■ EXERCISE REQUIREMENTS: No pictures belong in the copy. Retype exactly, and only, the stretch of lines below from the one with "Sandycove Case Study" through the one with "Retro vintage Home".

■ DATA SUPPLIED:
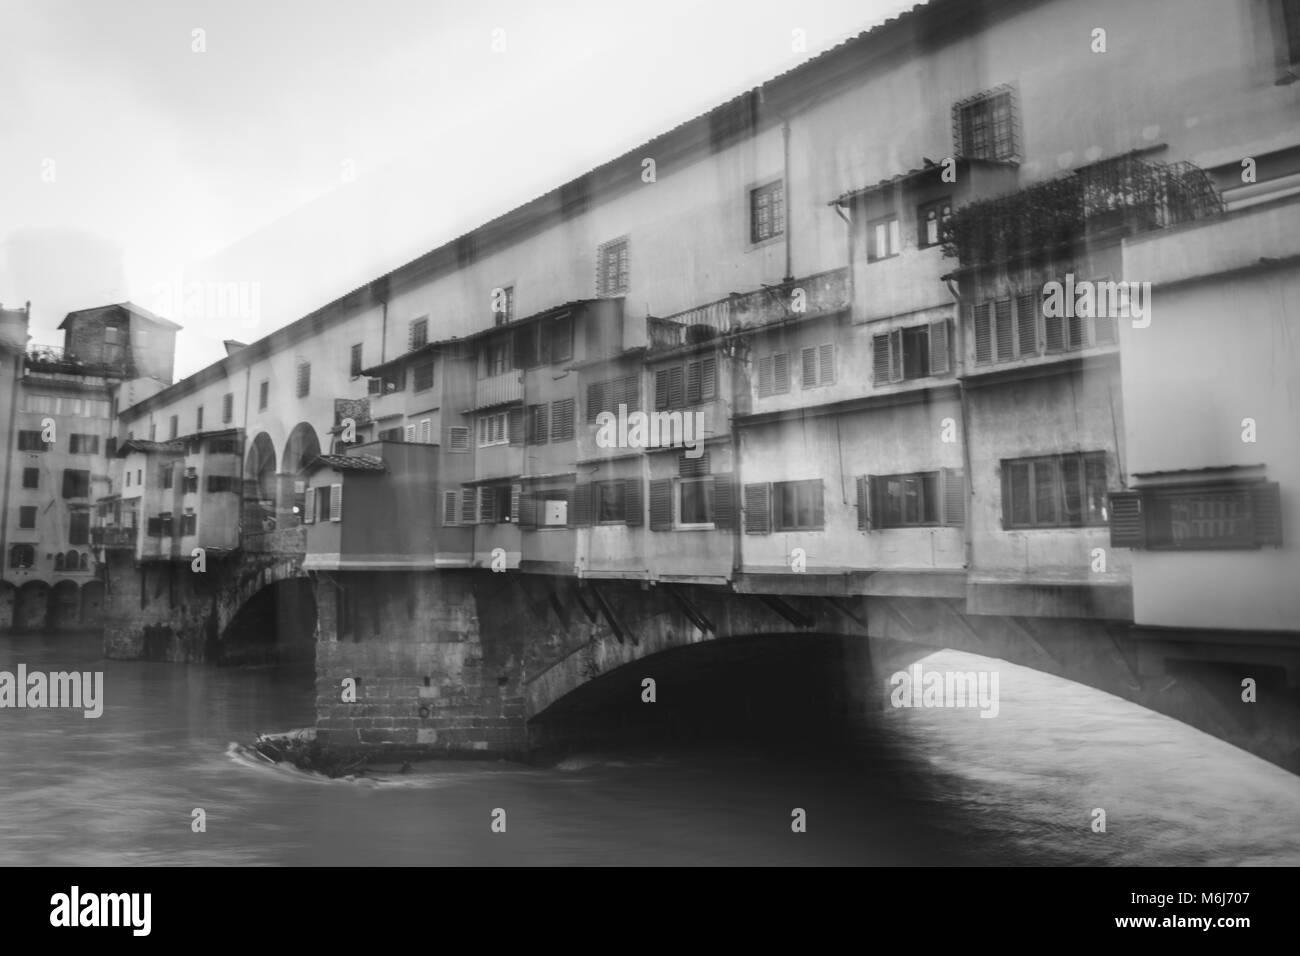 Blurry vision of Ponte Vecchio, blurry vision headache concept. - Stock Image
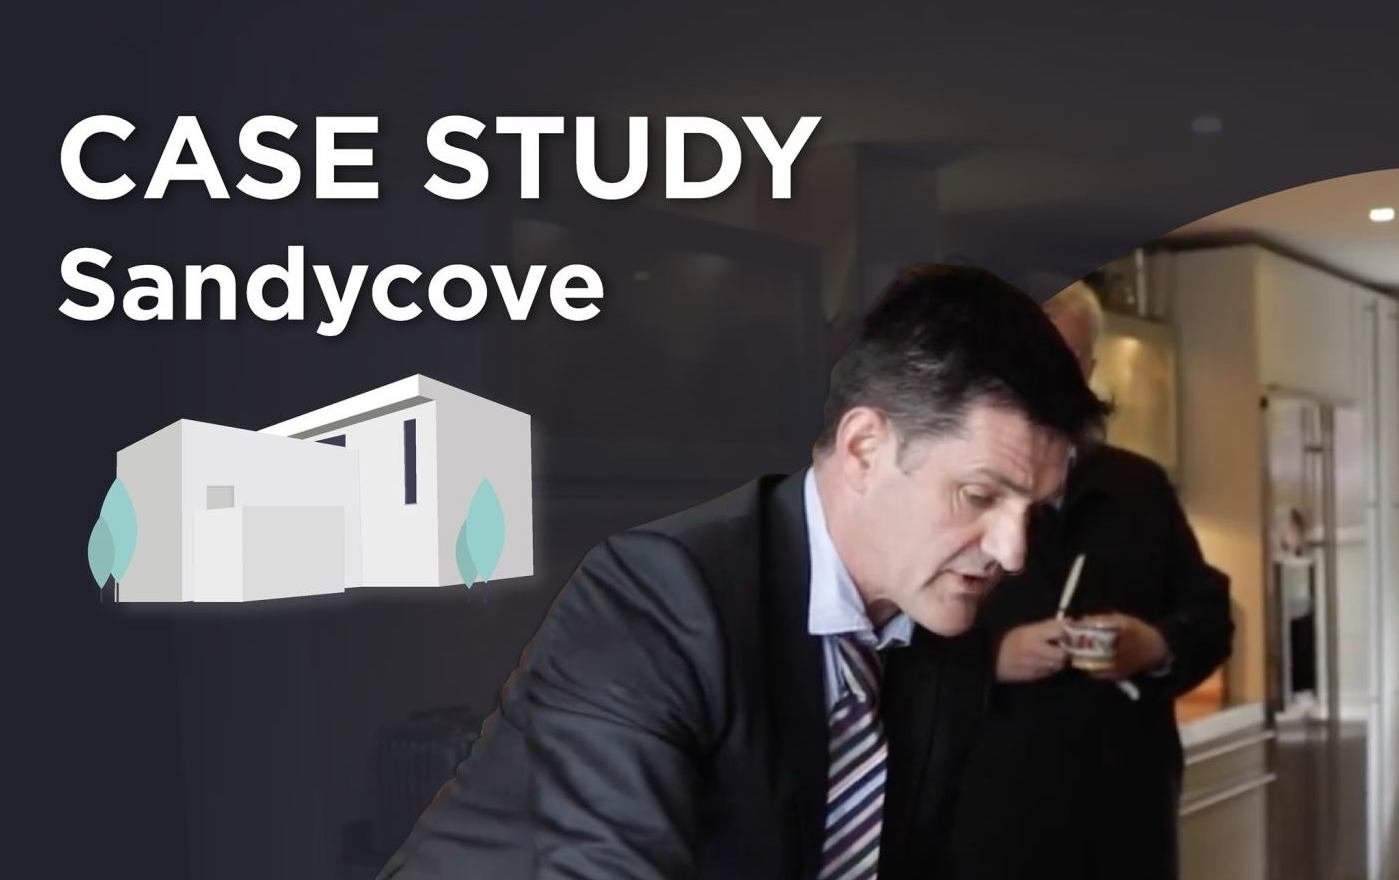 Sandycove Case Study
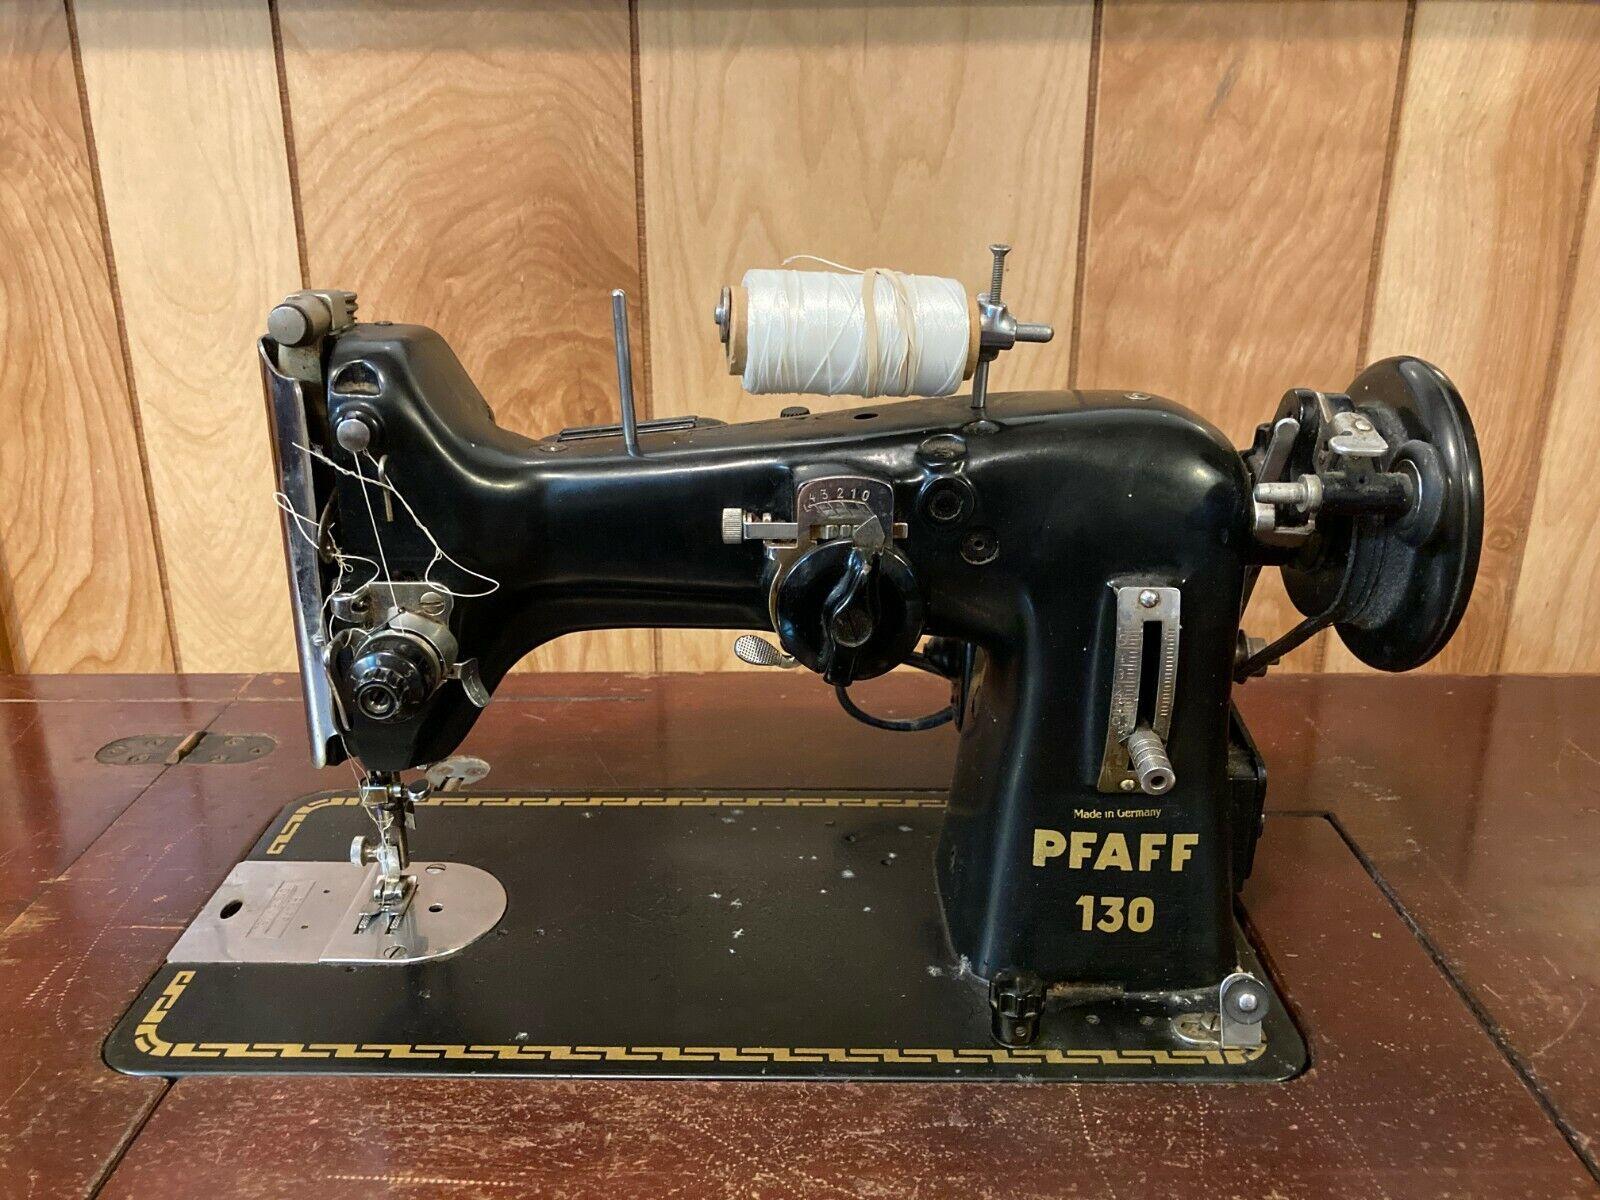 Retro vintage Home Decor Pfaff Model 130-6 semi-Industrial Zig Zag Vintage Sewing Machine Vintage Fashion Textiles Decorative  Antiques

* * *

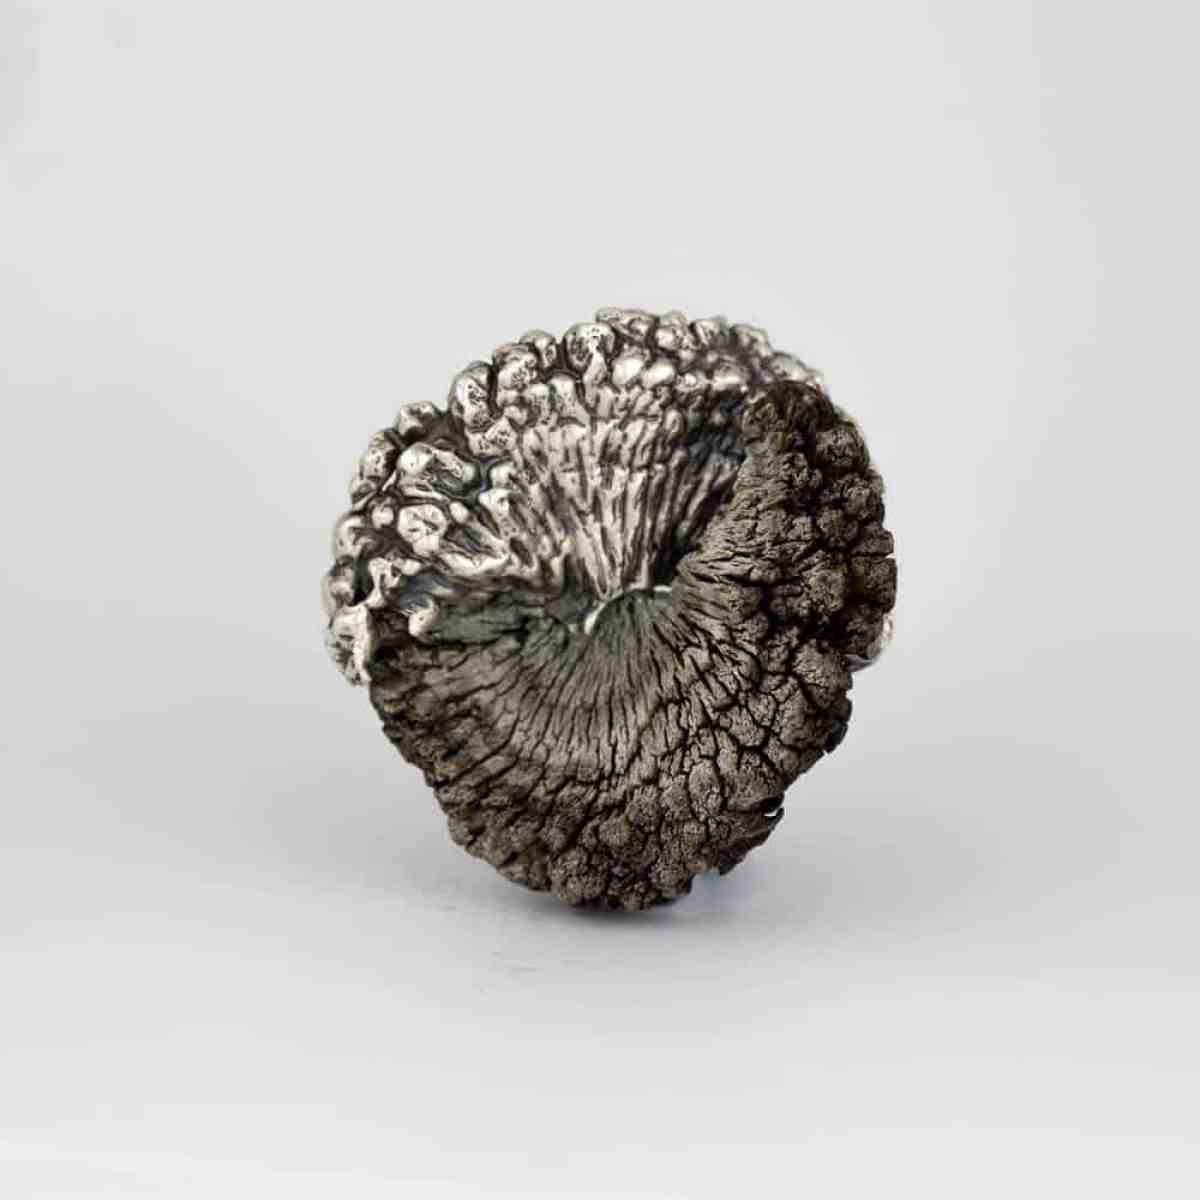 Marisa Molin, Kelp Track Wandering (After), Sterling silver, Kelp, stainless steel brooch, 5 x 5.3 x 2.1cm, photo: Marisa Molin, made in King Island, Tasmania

■ ANSWER TO THIS PROBLEM:
 Sandycove Case Study
 Retro vintage Home Decor Pfaff Model 130-6 semi-Industrial Zig Zag Vintage Sewing Machine Vintage Fashion Textiles Decorative  Antiques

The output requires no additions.